Canadian debit network Interac reported today that fraud on its cards has fallen to $38.5 million (CAD) in total losses in 2012.
The figure is substantially lower than the prior year’s debit card fraud losses, which totaled $70 million, and the highest loss recorded for a single calendar year in 2009 of $142.3 million. The annual fraud loss rate for 2012 equated to 1.2 basis points of overall dollar volume flowing through the network. Much of the credit for reducing Interac’s issuers’ fraud losses is due to the implementation of EMV chip-and-PIN in Canada.
From Interac’s press release:
“Our multi-layer strategy to fight debit card fraud is producing significant results and continues to reinforce strong confidence in the safety, soundness and security of the world-class Interac system,” said Caroline Hubberstey, Head of External Communications for Interac Association and Acxsys Corporation. “The ongoing conversion to chip technology is a vital tactic in our fraud prevention strategy, which is supported by other core elements that are critical to our continued success. These include valuable partnerships with law enforcement, financial institutions, acquirers, merchants and educational outreach to consumers.”
Chip technology is both secure and smart.
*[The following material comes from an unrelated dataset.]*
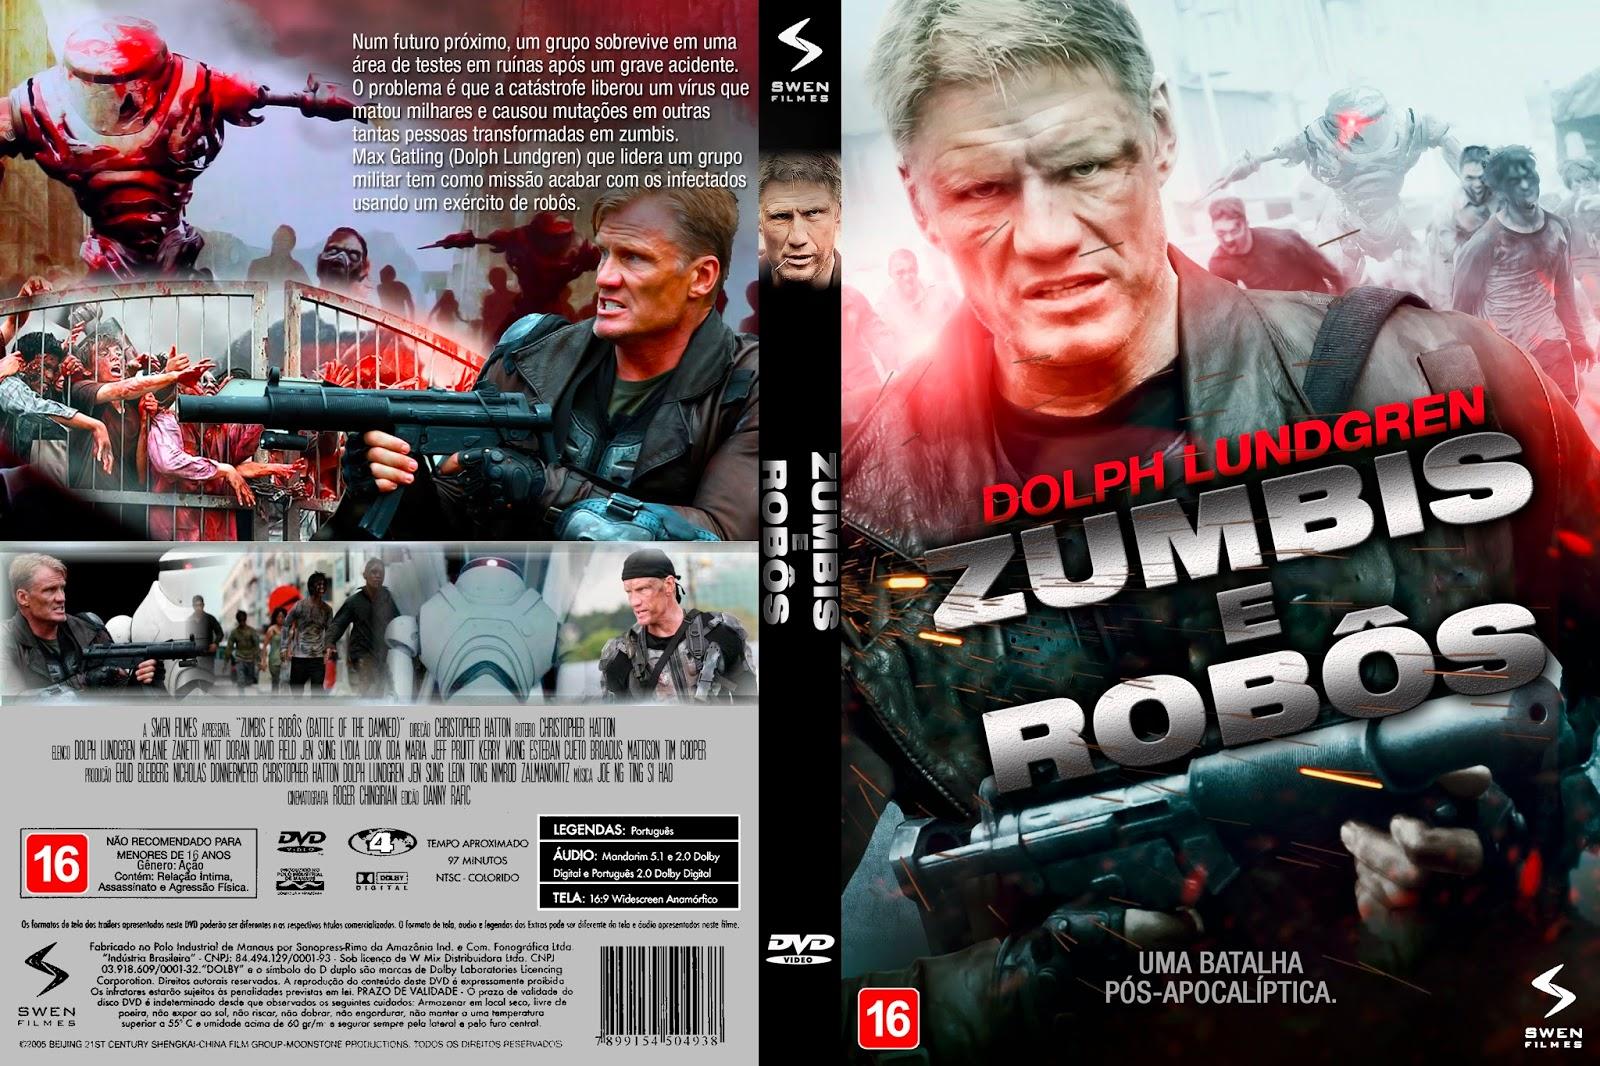 Baixar Zumbis e Robôs DVDRip XviD Dual Áudio Zumbis 2Be 2BRob 25C3 25B4s
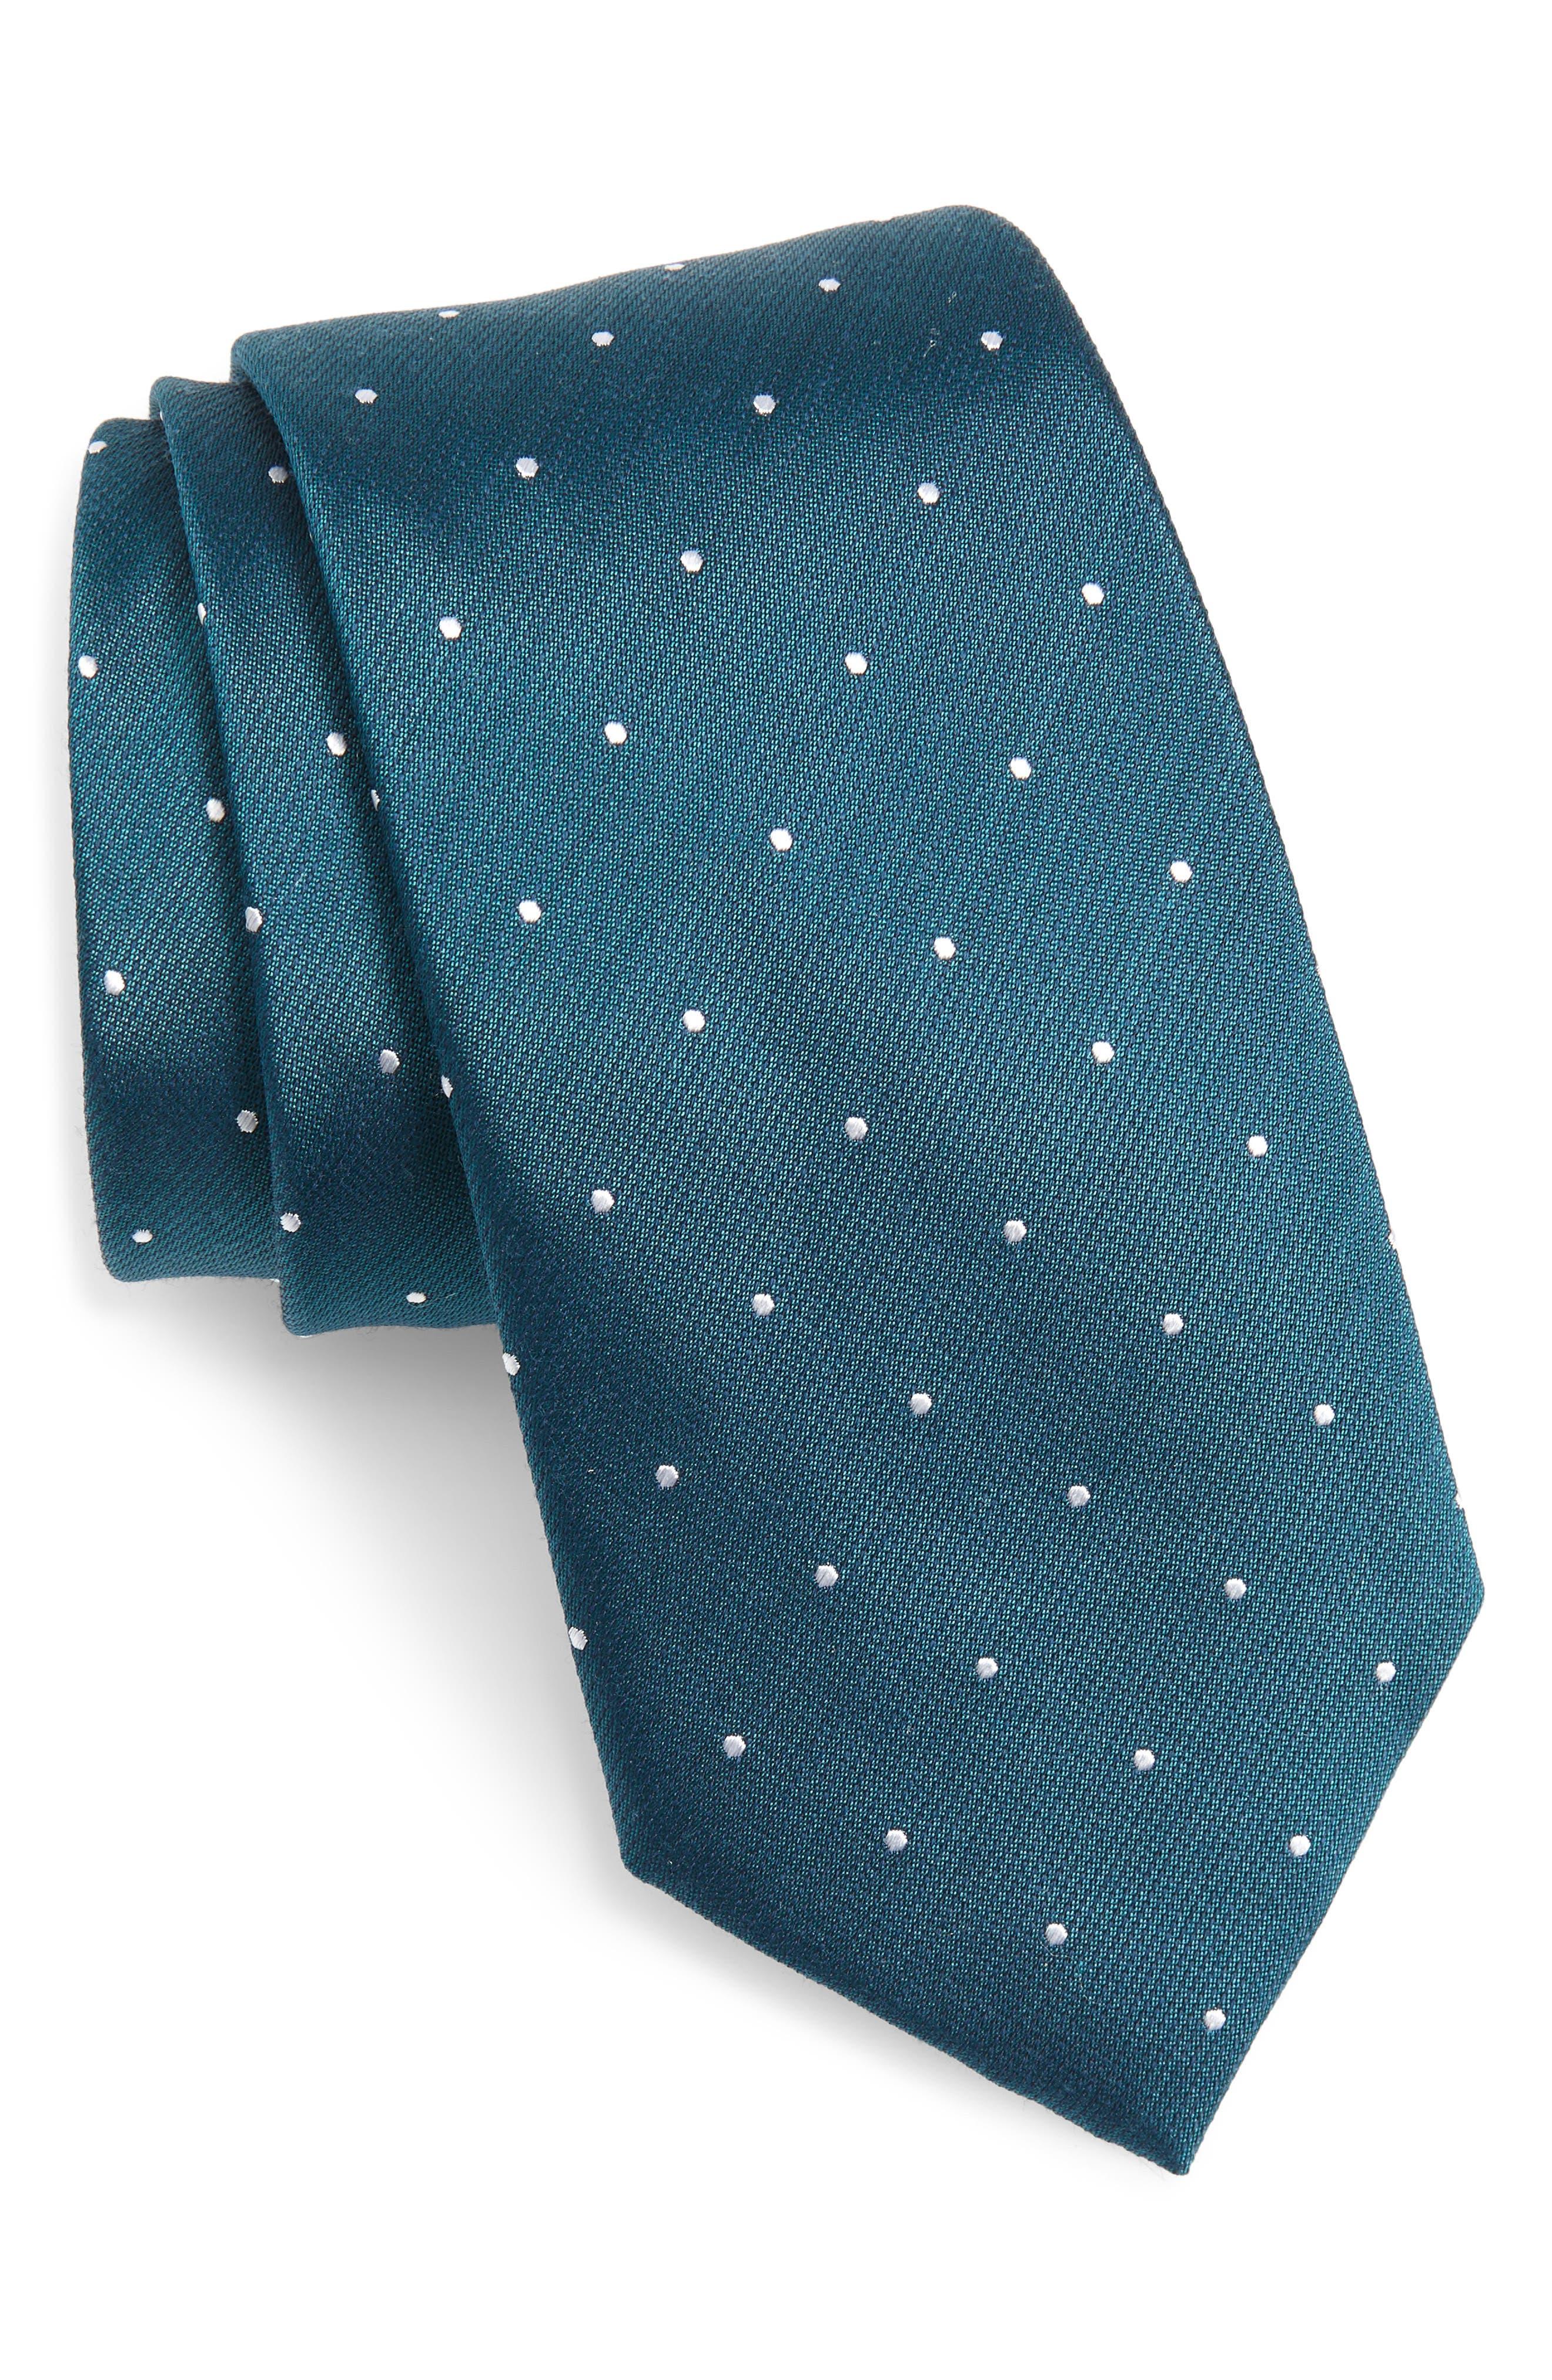 Dot Silk & Wool X-Long Tie,                             Main thumbnail 1, color,                             TEAL

It gives the card the ability to store and process data securely. Unlike a magnetic stripe, this processing power makes it extremely difficult to copy and reproduce. This processing power is used, together with cryptography, to allow the card and terminal to communicate with one another to carry out security checks to ensure the card is valid. Chip technology also enables advancements like Interac FlashTM, which is currently being rolled out across the country.